Item 1.01 Entry into a Material Definitive Agreement.
     On September 13, 2010, W. R. Berkley Corporation (the “Company”) agreed to sell $300 million aggregate principal amount of its 5.375% Senior Notes due 2020 (the “Securities”). The Securities were offered pursuant to the Prospectus Supplement dated September 13, 2010 to the Prospectus dated November 26, 2008, filed as part of the Registration Statement on Form S-3 (No. 333-155724) that became effective when filed with the Securities and Exchange Commission on November 26, 2008.
     Underwriting Agreement
     On September 13, 2010, the Company entered into an underwriting agreement with Banc of America Securities LLC, as representative of the underwriters named therein, with respect to the offer and sale of $300 million aggregate principal amount of the Securities.
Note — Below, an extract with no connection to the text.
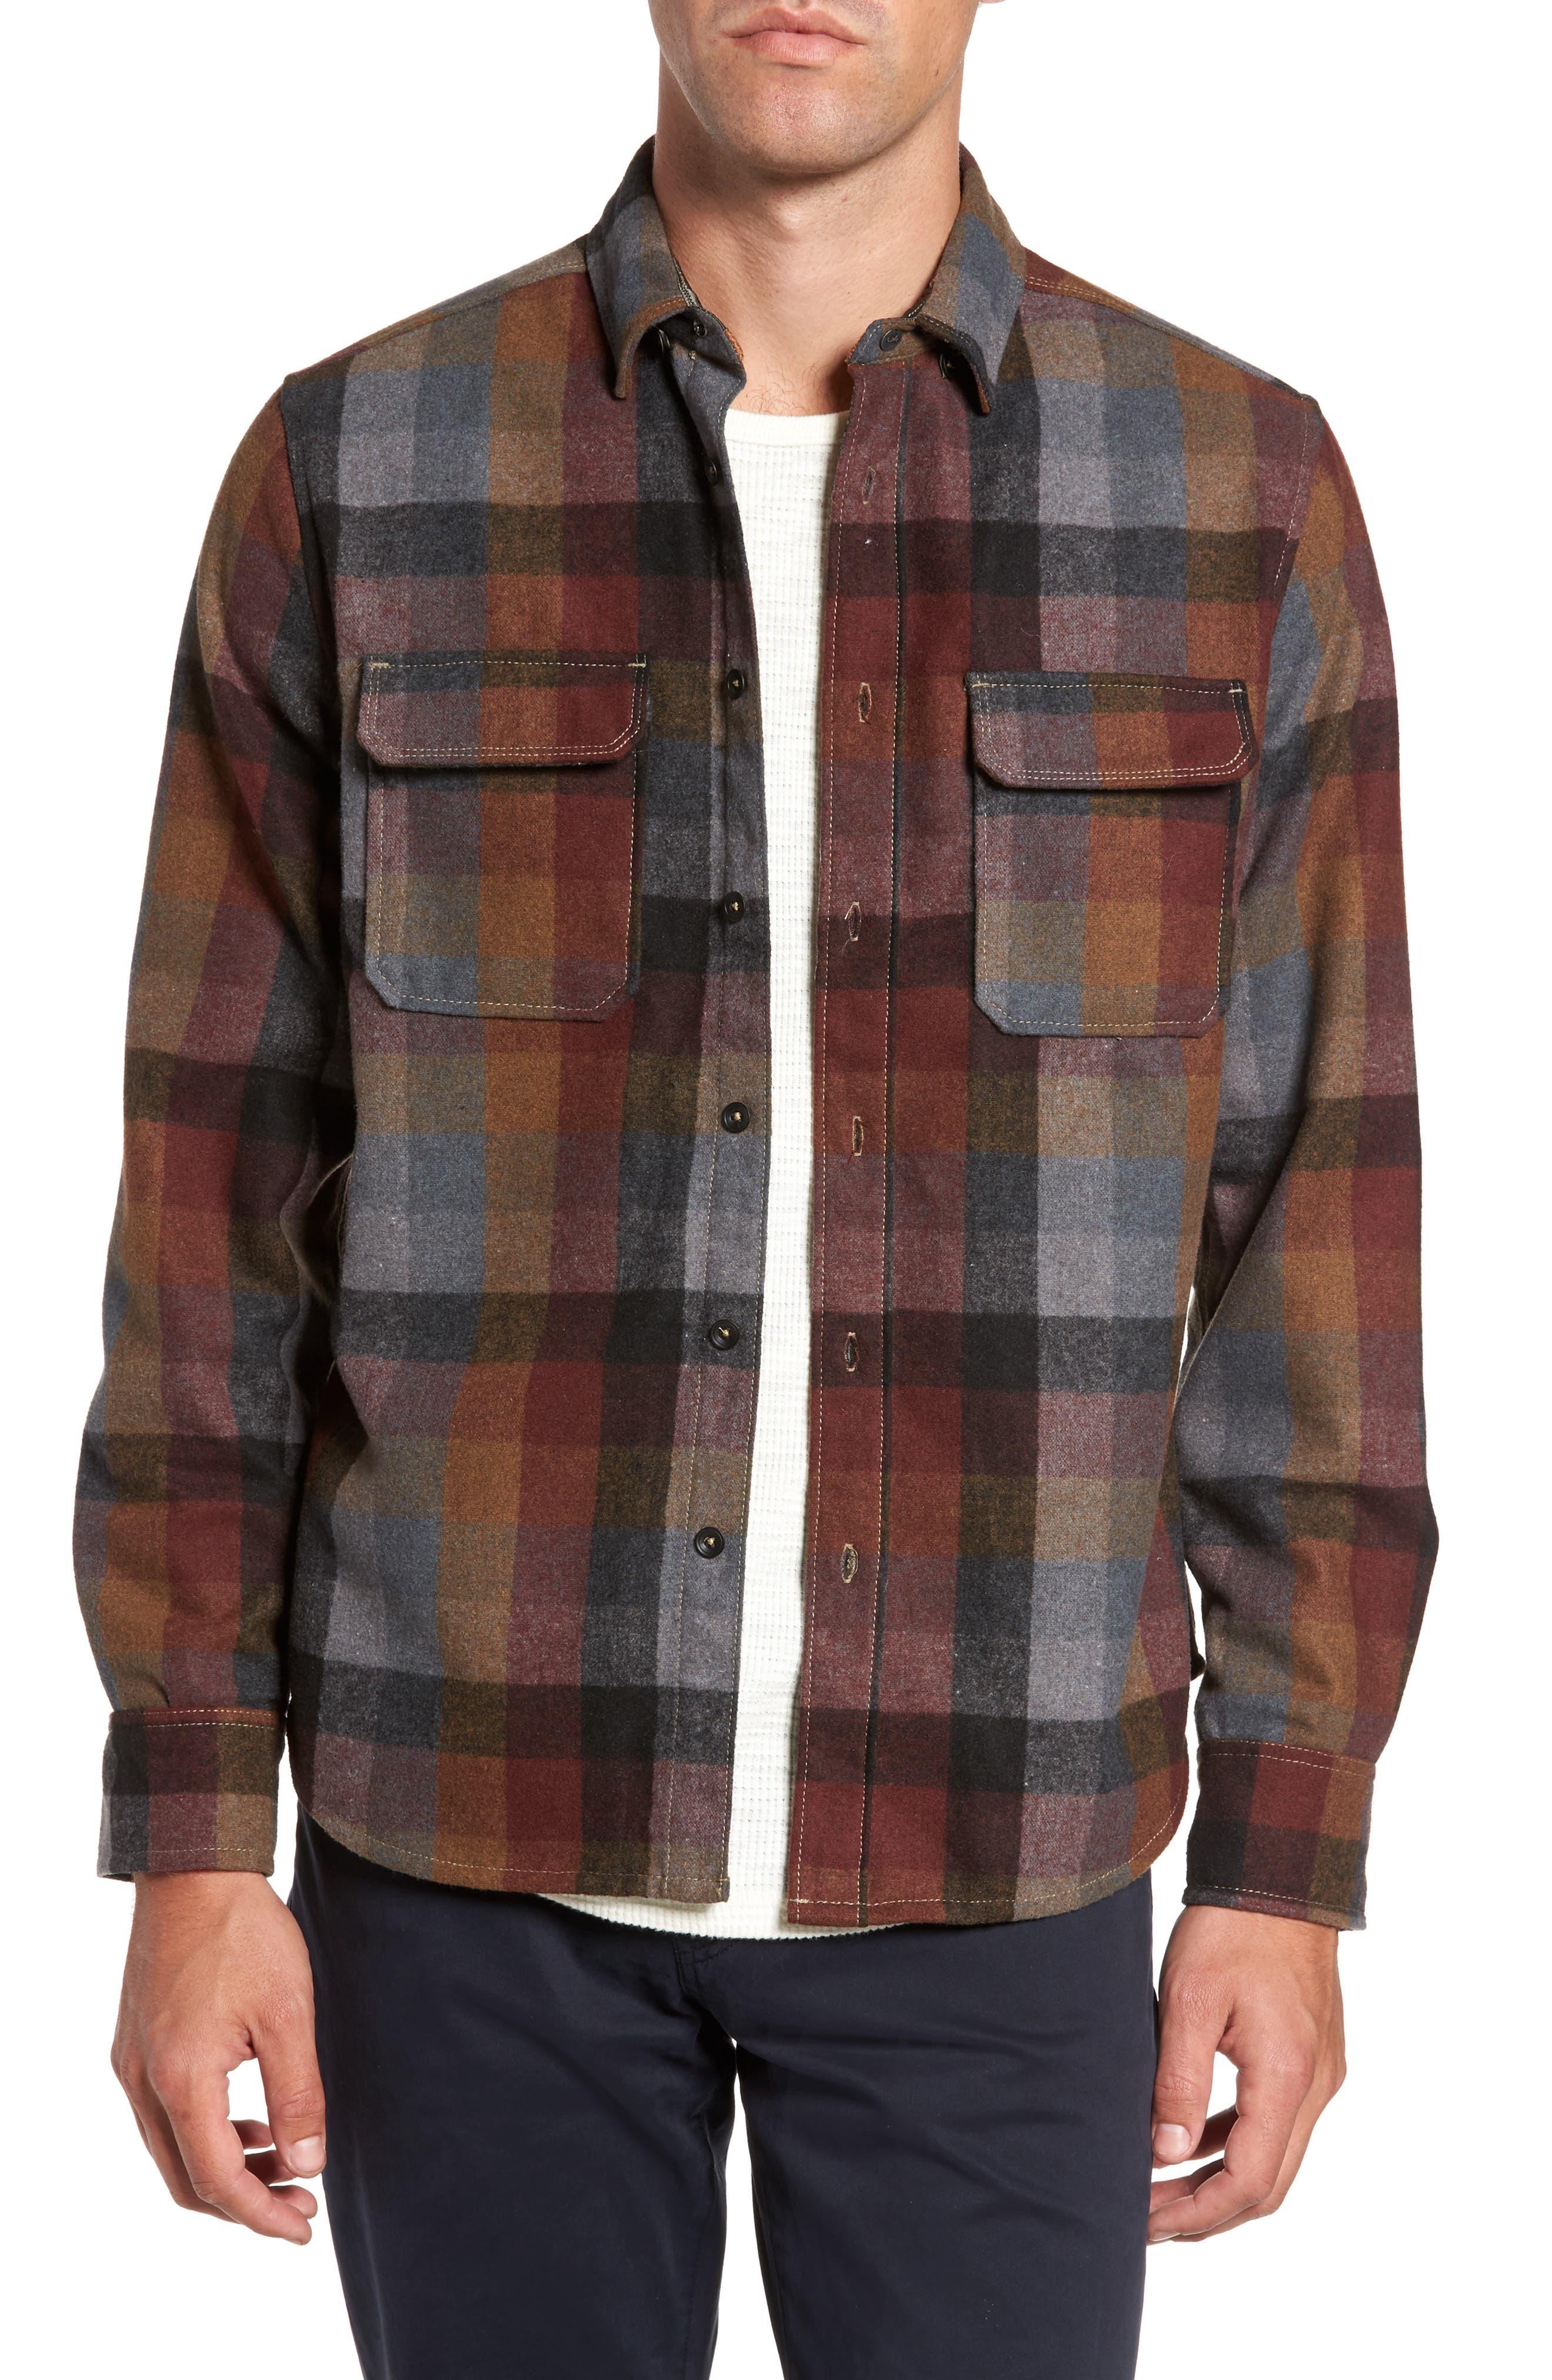 Heath Brushed Flannel Shirt,                             Main thumbnail 1, color,                             BURGUNDY

A copy of the Underwriting Agreement is attached as Exhibit 1.1 hereto.
     Seventh Supplemental Indenture
     Attached as Exhibits 4.1 and 4.2 hereto are the Indenture, relating to Senior Debt Securities, dated as of February 14, 2003, between the Company and The Bank of New York Mellon (formerly The Bank of New York), as trustee (the “Trustee”) (the “Indenture”), and the Seventh Supplemental Indenture, relating to the Securities, entered into between the Company and the Trustee on September 16, 2010 (the “Seventh Supplemental Indenture”).
Item 9.01 Financial Statements and Exhibits.
     The exhibits to this report are incorporated by reference into Registration Statement (No. 333-155724) filed by the Company.
     (d) Exhibits
  1.1   Underwriting Agreement, dated as of September 13, 2010, between the Company and Banc of America Securities LLC, as representative of the underwriters named therein.
 
  4.1   Indenture, dated as of February 14, 2003, between the Company and the Trustee.*
 
  4.2   Seventh Supplemental Indenture, dated as of September 16, 2010, between the Company and the Trustee, including the form of the Securities attached as Exhibit A thereto.
 
  5.1   Opinion of Willkie Farr & Gallagher LLP regarding the legality of the Securities.
 
  12.1   Computation of Ratio of Earnings to Fixed Charges.
 
  23.1   Consent of Willkie Farr & Gallagher LLP (included in Exhibit 5.1 hereto).
 
*   Incorporated by reference to Exhibit 4.1 to the Company’s Annual Report on Form 10-K (File No. 001-15202), filed March 31, 2003.

 


 

SIGNATURES
     Pursuant to the requirements of the Securities Exchange Act of 1934, the registrant has duly caused this report to be signed on its behalf by the undersigned hereunto duly authorized.
         
  W. R. BERKLEY CORPORATION
 
 
  By:   /s/ Eugene G. Ballard    
    Name:   Eugene G. Ballard   
    Title:   Senior Vice President -
Chief Financial Officer 
 
 
Date: September 16, 2010

 


 

EXHIBIT INDEX
Exhibit:
1.1   Underwriting Agreement, dated as of September 13, 2010, between the Company and Banc of America Securities LLC, as representative of the underwriters named therein.
 
4.1   Indenture, dated as of February 14, 2003, between the Company and the Trustee.*
 
4.2   Seventh Supplemental Indenture, dated as of September 16, 2010, between the Company and the Trustee, including the form of the Securities attached as Exhibit A thereto.
 
5.1   Opinion of Willkie Farr & Gallagher LLP regarding the legality of the Securities.
 
12.1   Computation of Ratio of Earnings to Fixed Charges.
 
23.1   Consent of Willkie Farr & Gallagher LLP (included in Exhibit 5.1 hereto).
 
*   Incorporated by reference to Exhibit 4.1 to the Company’s Annual Report on Form 10-K (File No. 001-15202), filed March 31, 2003.